I’ve been doing my usual lurking around online trying to find some good old hand tools that I can bring back in from the cold and lately I’ve been seeing lots of old handsaws that are usually in pretty bad shape but cheap. With 75 bucks I could easily bring home 15 saws. The problem is logistics really. It can be hard to set up a time to meet the seller, they’re 30 or more minutes away and the photos of the tools are usually bad and not very informative. Sometimes they’ll retake a few photos if I ask but even then they don’t get the angle or focus or whatever. And there’s no way I’m going to be able to read an etching on the blade of these guys even if the seller was a professional photographer with a stellar light setup. I know, 1st world problems.

I’m looking for a way to weed through some of these options and save a few afternoons wasted afternoons. And, very importantly, not end up with more tools that I don’t need or have room for. It’s easy to weed out hand planes for me now but with handsaws and the million different types and brands that have been made over the years, I’m in over my head.

So the shopping list is as follows:
- cross cut saw
- rip saw
- backsaw
- miter box (I think I found one but it is going to need some major work)

Not sure about what a good length would be for some of these so if anyone has recommendations on that I would be helpful.

So, are there any easily identifiable signs that tell you, no that’s not a sweet disston but some cheap knock off? Or maybe, that is a sweet disston but because of this or that it isn’t worth the time and probably won’t end up a good user? Any help as I delve into this ocean of handsaws? I’ll post some pics of some I think might be worth it in another post shortly but any thoughts in the meantime would be appreciated.

Thanks guys.

-- Jeff | Louisville, Ky

5 replies so far

View therealSteveN's profile


5760 posts in 1346 days

#1 posted 05-17-2018 07:08 AM

I’ll start you out with what may be very controversial in some folks eyes, but do one of 2 things.

Only buy saws you can sight down that blade to determine if it’s a crooked, kinked up old saw someone short stroked years ago. I haven;’t seen pics that could give me the line you take when you hold up a saw and sight it yourself. If possible use it, is it workable, or a shipwreck that needs a lot of saving.

The other is if have no saws available locally, and must venture out online, ONLY buy from people who are known, and trustworthy. Some of these guys handle a bunch of saws, so they know they aren’t going to just sell 3 or 4 saws. They may even be making their living doing that.

The ones with that experience also know a good reputation is money in the bank, so they will give VERY accurate appraisals of what they are selling, so when they sight it for you, they know if it’s a pretzel. They also know the saw, and how it should be set up. 1) Hand Saw Type, (2) Saw Tooth Shape, and (3) Saw Tooth Count are the 3 biggest things to know.

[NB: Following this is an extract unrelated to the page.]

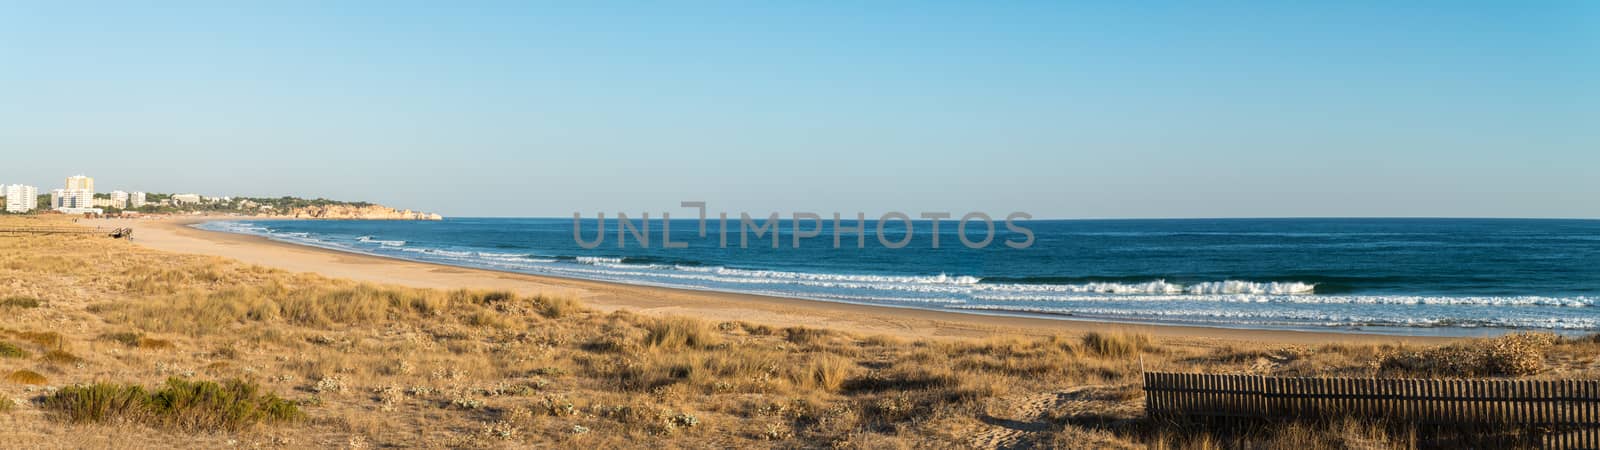 A view of Praia de Alvor in Portimao, Algarve region, Portugal.
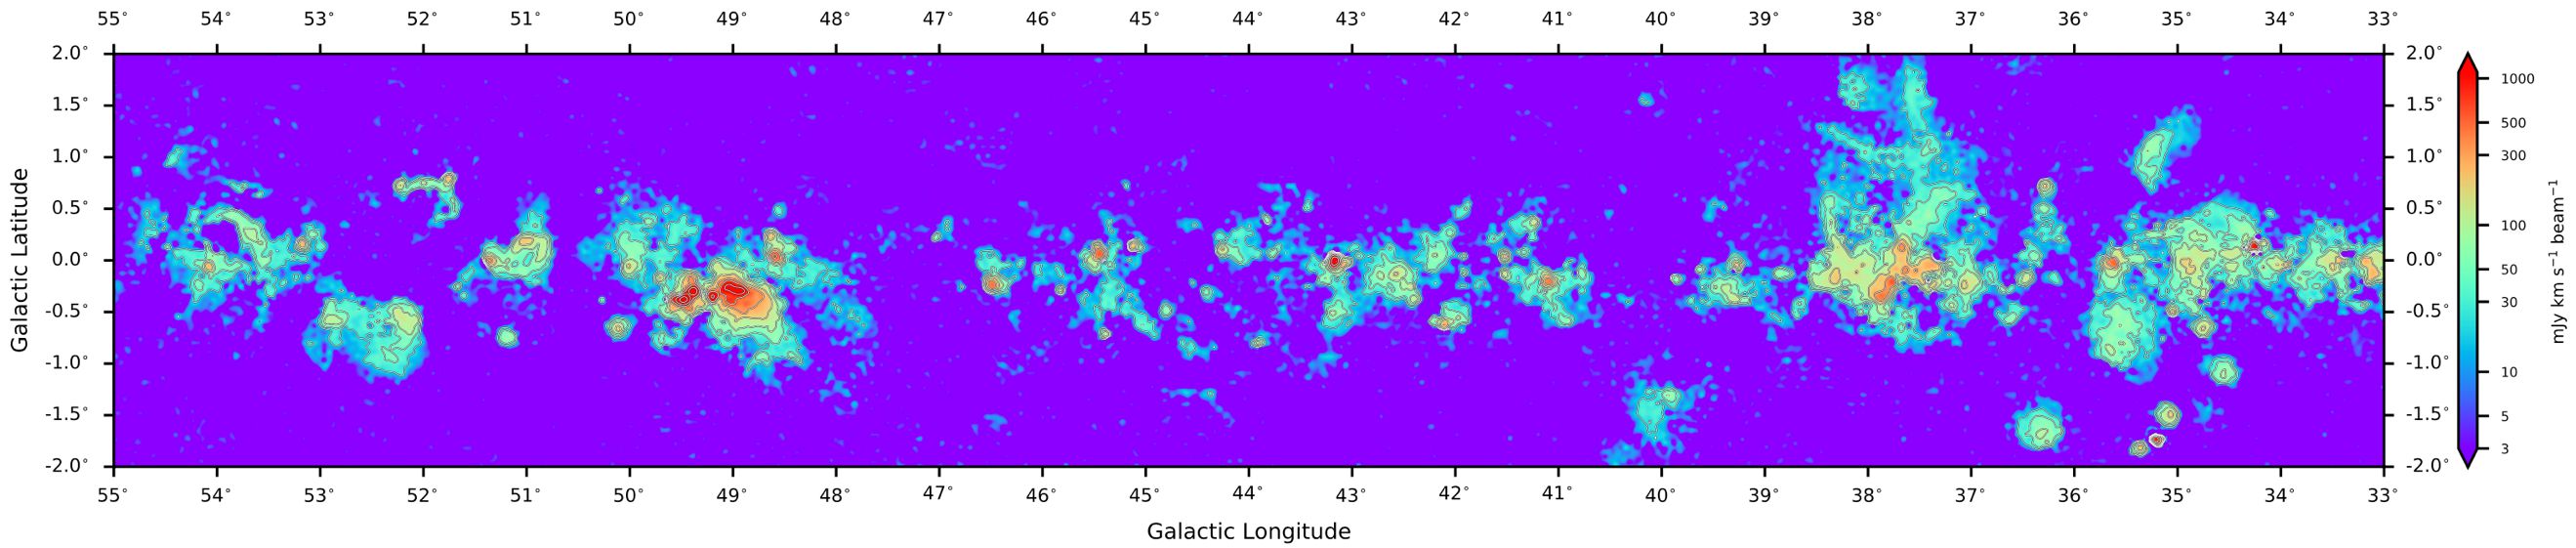 FAST揭示的银河系星际空间电离气体分布图(速度区间-40 km/s到 120 km/s的累积)

Some guys go years before they can tell you what saw is “choice” Downside to buying from that respected dealer/seller of fine tools is they will generally be more than low guy on a famous auction site. Unfortunately I haven’t needed a new hand saw in years. One of the absolute best guys for that died a few years ago, and a few of the guys drifting around I don’t have good contact info for them. That generally leaves Pat Leach in my library of sellers, he’s been at it a long time, and he has a reputation all right, some may not agree to how good it is, but I wouldn’t hesitate checking on him if I needed any old hand tool.

This would be The Superior Works, Pat''s digs

At the bottom of the page are links. “Patricks B&G” is his Blood and Gore site, it could possibly give you insights into some of the hand planes. He sells a LOT of saws, but most of them are via his monthly e-mailing, best to contact him directly to do that, and ask what he has that will do the type of sawing you want to do.

Good luck.

-- Think safe, be safe

View jtrz's profile


174 posts in 1945 days

#2 posted 05-17-2018 10:43 AM

Thanks for the reply therealSteveN
I’m definitely familiar with the reputable guys online and check there sites frequently but they’re out of my price range and I like going through the restoration process because it ends up teaching me a lot along the way.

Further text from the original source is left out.